Vericueto : Lugar o sitio áspero, alto y quebrado, por donde no se puede andar sino con dificultad.
Decir: Manifestar con palabras el pensamiento.

Bienvenidos a mi nuevo intento, el último quizás, de contar esta historia. Esto es un laboratorio de escritura, que quede claro. Publico según escribo, sin revisión ni corrección, con lo cual no es improbable que haya contradicciones o incongruencias, idas y vueltas, en fin, como en la vida.

lunes, 12 de abril de 2010

Vericueto 7: los sueños

La primera parte del secreto tiene que ver con una especie de pesadilla que Carmela decía tener a menudo. No era un sueño exactamente, pero así lo definía, como un sueño. Carmela soñaba que dormía y era desesperante porque la sensación de lucidez era tan vívida que deseaba despertarse a sí misma.
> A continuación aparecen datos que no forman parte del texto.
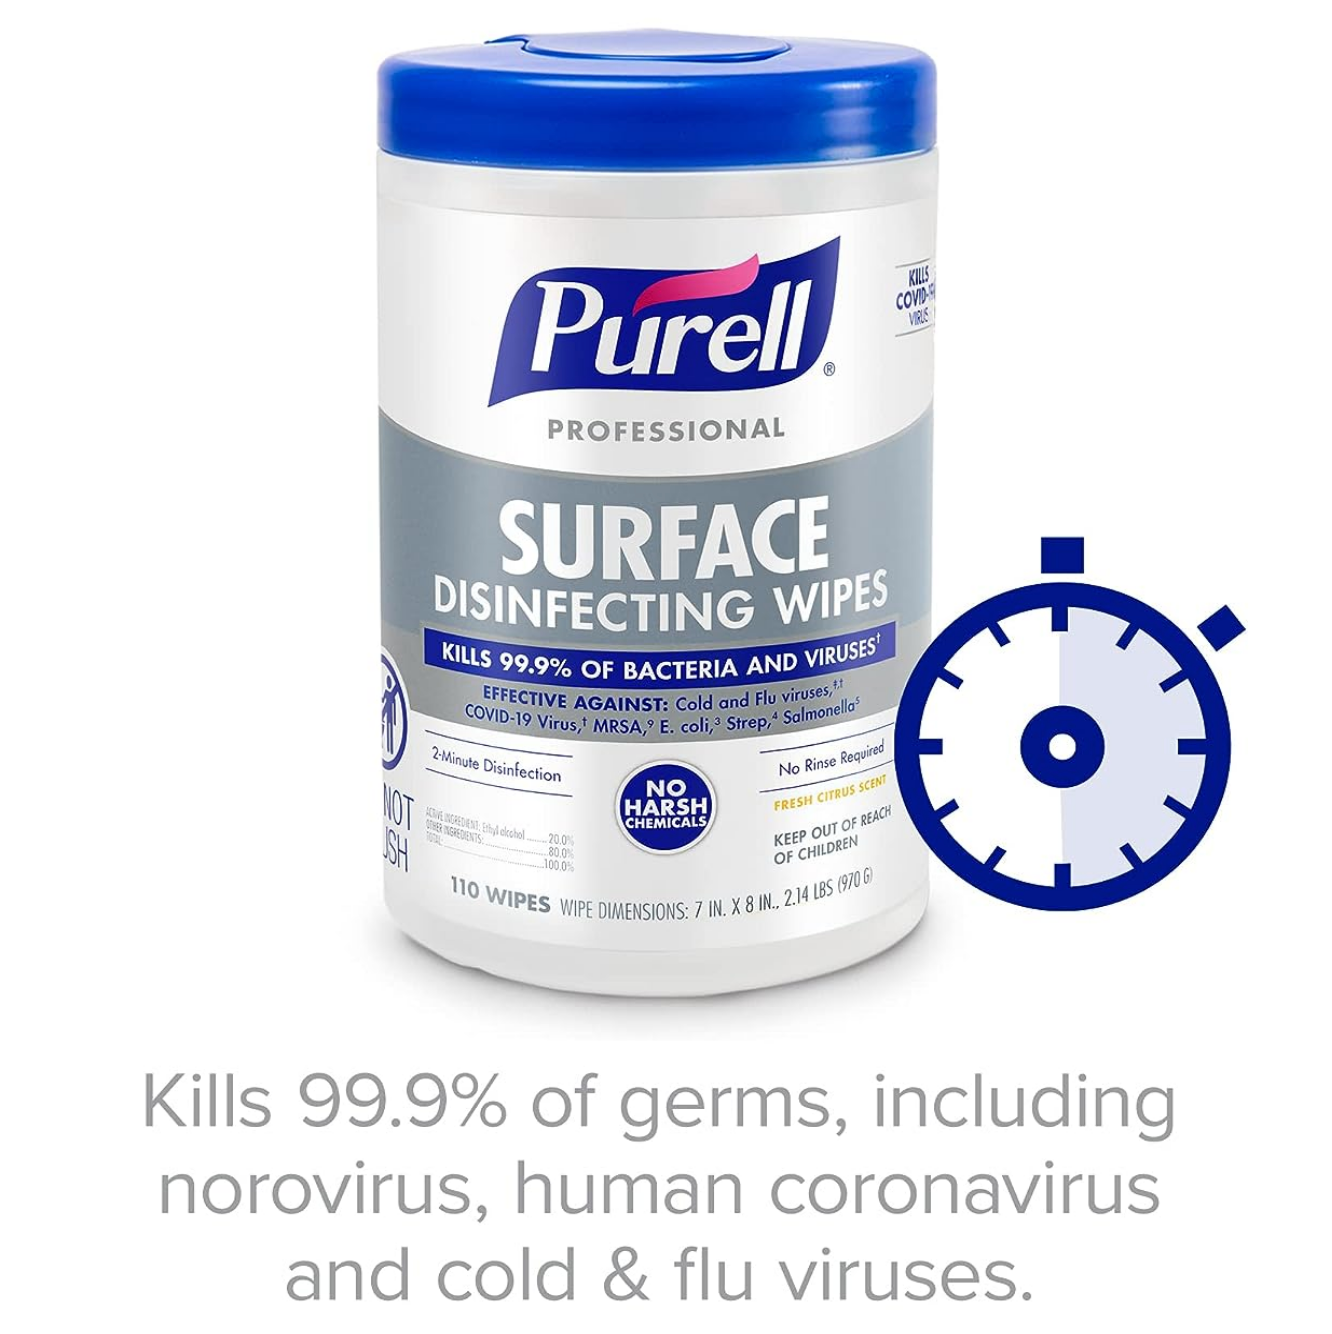 Purell Disinfecting Wipes - $6.50 Each (Case of 6)
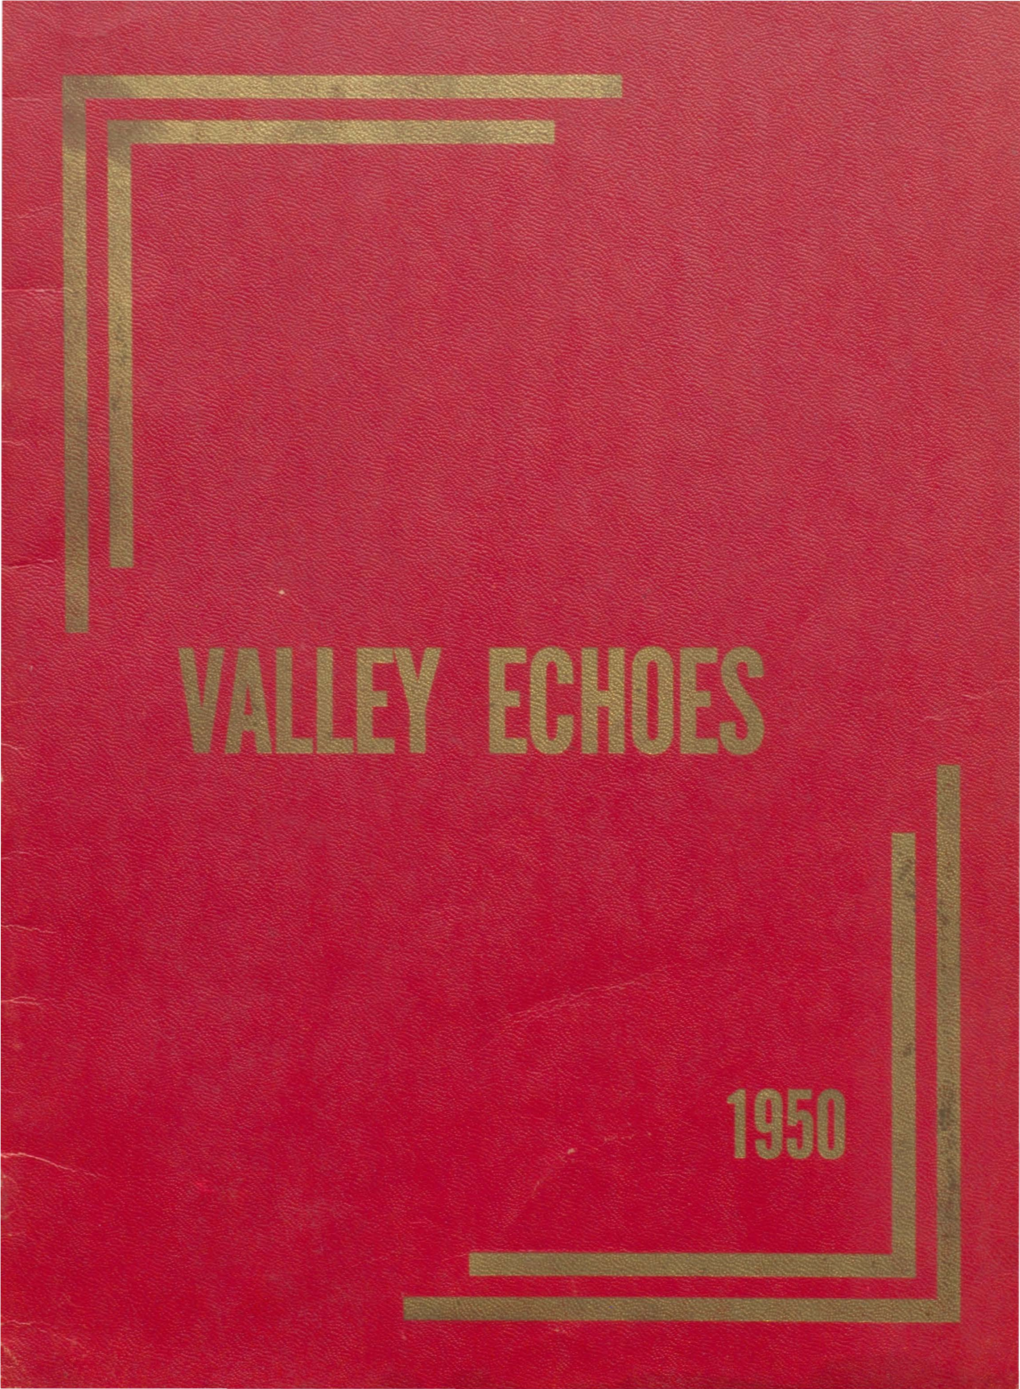 1950 Valley Echoes

Veía su escritorio, la silla, el cuadro que colgaba del muro, la alfombrita azul y sus pantuflas. Oía la voz de su abuela, que vivía con ellos por ese entonces, rezando en la habitación de al lado. Todo era tan real como si estuviera despierta, pero ella no podía moverse, se veía el brazo inerte a lo largo del torso y el montículo de la manta ocultando sus pies al final de la propia cama, y la inmovilidad completa de su propio cuerpo. Veía todo eso y no lograba avisarse a sí misma que no era lógico estar así cuando estaba despierta. Lo peor es que no alcanzaba nunca a verse entera, en esa posición horizontal y paralítica de la pesadilla. Sabía que estaba allí, pero no se veía y, entonces, no estaba segura de ser. El esfuerzo por despertarse era tan herculeo que le mezquinaba el aire, sentía se ahogaba, gritaba para que alguien viniera a moverla, pero nadie venía porque la voz no salía de su garganta dormida, hasta que, en una especie de golpe repentino, lograba reincoporarse y abría los ojos, agitada y sudorosa, por el pánico de haberse creído muerta.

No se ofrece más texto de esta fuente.